Here's another angle. Let us repeat, there is no kickstand involved here:

click to enlarge DANIEL HILL

Trolley backers are already hyper-aware of the dangers the tracks pose to those on two wheels. The Trolley Commission even floated the idea of a bicycle ban in the Loop, ostensibly to prevent people from being injured (but in reality, to keep people who have been injured from filing lawsuits) and there are signs all over the busy shopping district warning cyclists of the injuries they will soon likely incur. And their wheels don't even fit in such a glove-like manner!
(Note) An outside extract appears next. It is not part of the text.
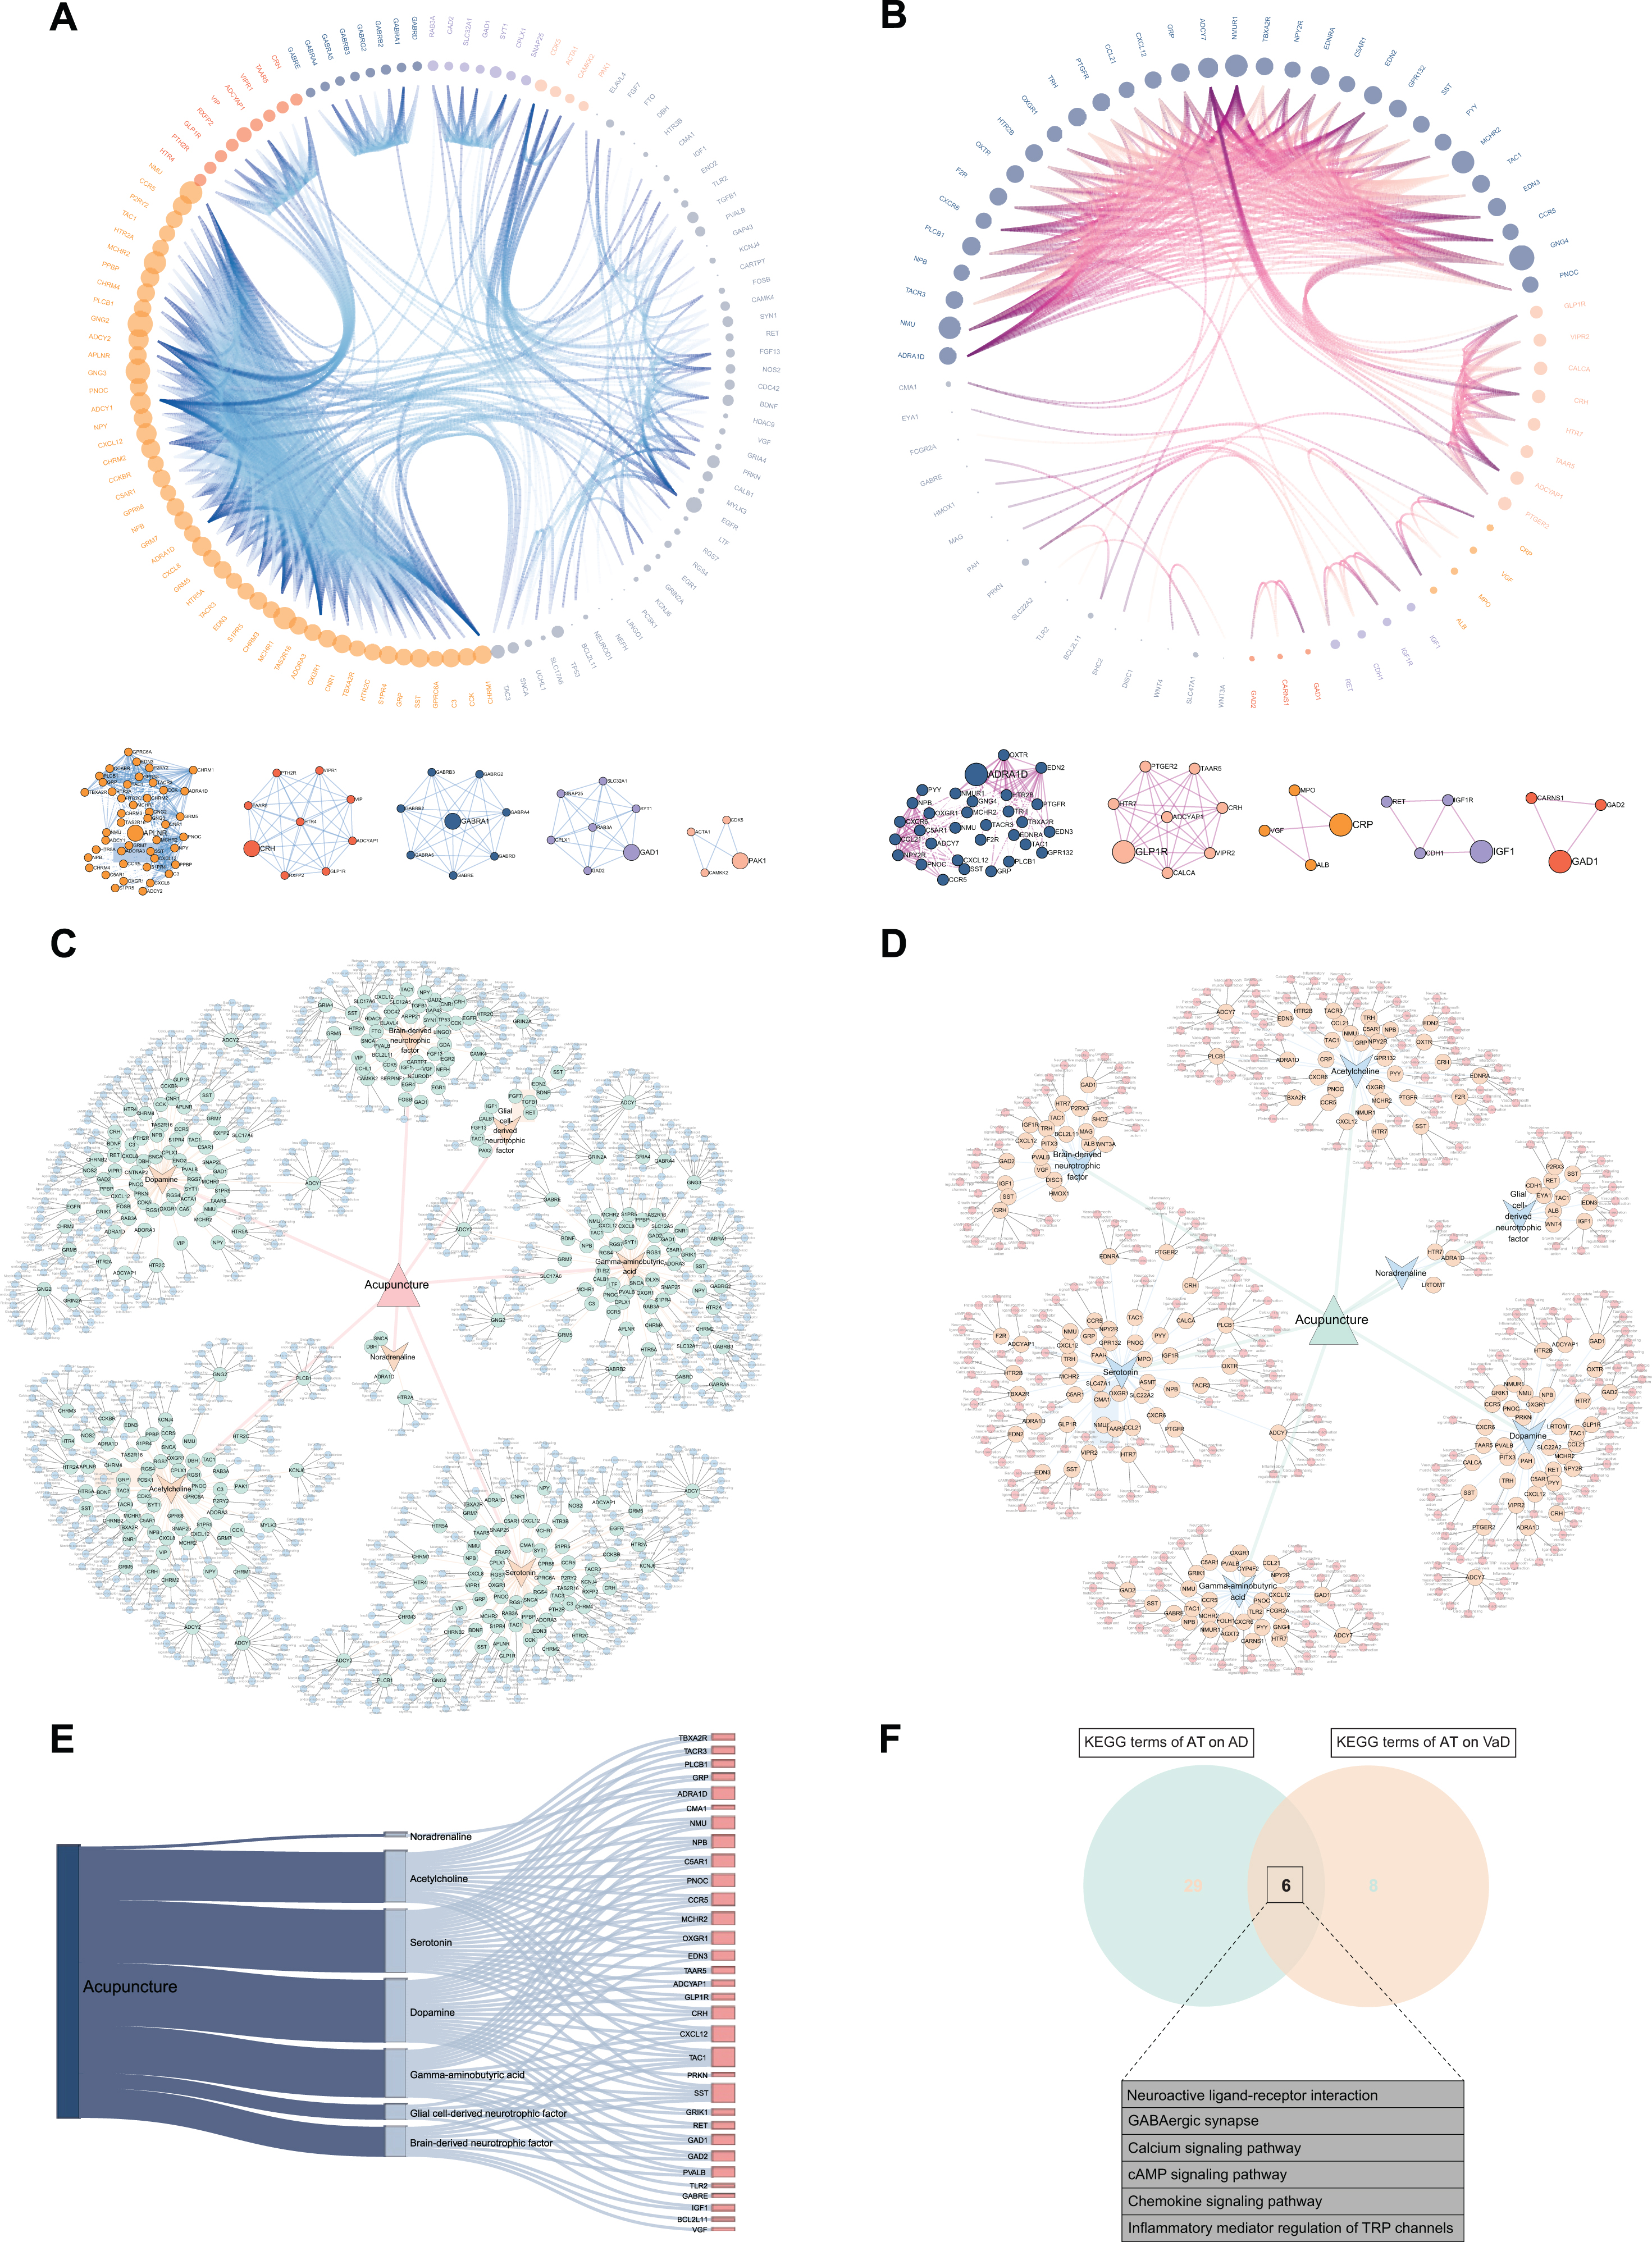 Construction of visual networks based on acupuncture therapeutic targets associated with Alzheimer’s disease (AD) and vascular dementia (VaD). A) PPI network and clustering sub-networks of acupuncture therapy (AT) on AD. In this network, the interaction of 118 targets in PPI network out of 132 acupuncture therapeutic targets on AD (ACAgenes) is displayed. According to the increasing degree value from 1.00 to 57.00, the size of nodes and the density of edges correspondingly increase, leading to gradual enhancement of the interaction intensity on targets, and 5 clustering networks driven by 5 hub genes are further identified. B) PPI network and clustering sub-networks of AT on VaD. In this network, the interaction of 66 targets in PPI network out of 76 acupuncture therapeutic targets on VaD (ACVgenes) is displayed. The degree values of targets increase from 1.00 to 38.00, and 5 clustering networks driven by 5 hub genes are further identified. C) Global network of AT on AD. In this network, the associations of the 7 acupuncture active components, 132 ACAgenes, and the Kyoto Encyclopedia of Genes and Genomes (KEGG) pathways related to each target are systematically displayed. D) Global network of AT on VaD. In this network, the associations of the 7 acupuncture active components, 76 ACVgenes, and the KEGG pathways related to each target are systematically displayed. E) Sankey diagram of the 32 mutual targets from ACAgenes and ACVgenes. F) Venn diagram depicts KEGG terms sharing of AT on AD and VaD.

In short, these scooters are going to be a bloodbath. But at least it will be a funny one.

Now, lest you think we're being insensitive to the impending broken bones and bloodied bodies of our fellow citizens, we should add a little disclosure to this piece: The author was himself mauled by the trolley tracks while on a moped back in June 2016, when the trolley itself was only extremely behind schedule and not yet farcically so. Yes it hurt, yes it involved broken bones and blood.

And yes, of course, it was funny.

So put away those computers and give your search bar a rest. There's a better place to sit and watch people hurt themselves: outside, in real life.

Specifically, in the Delmar Loop that the Trolley Commission built and that Lime filled with scooters. Great job, guys!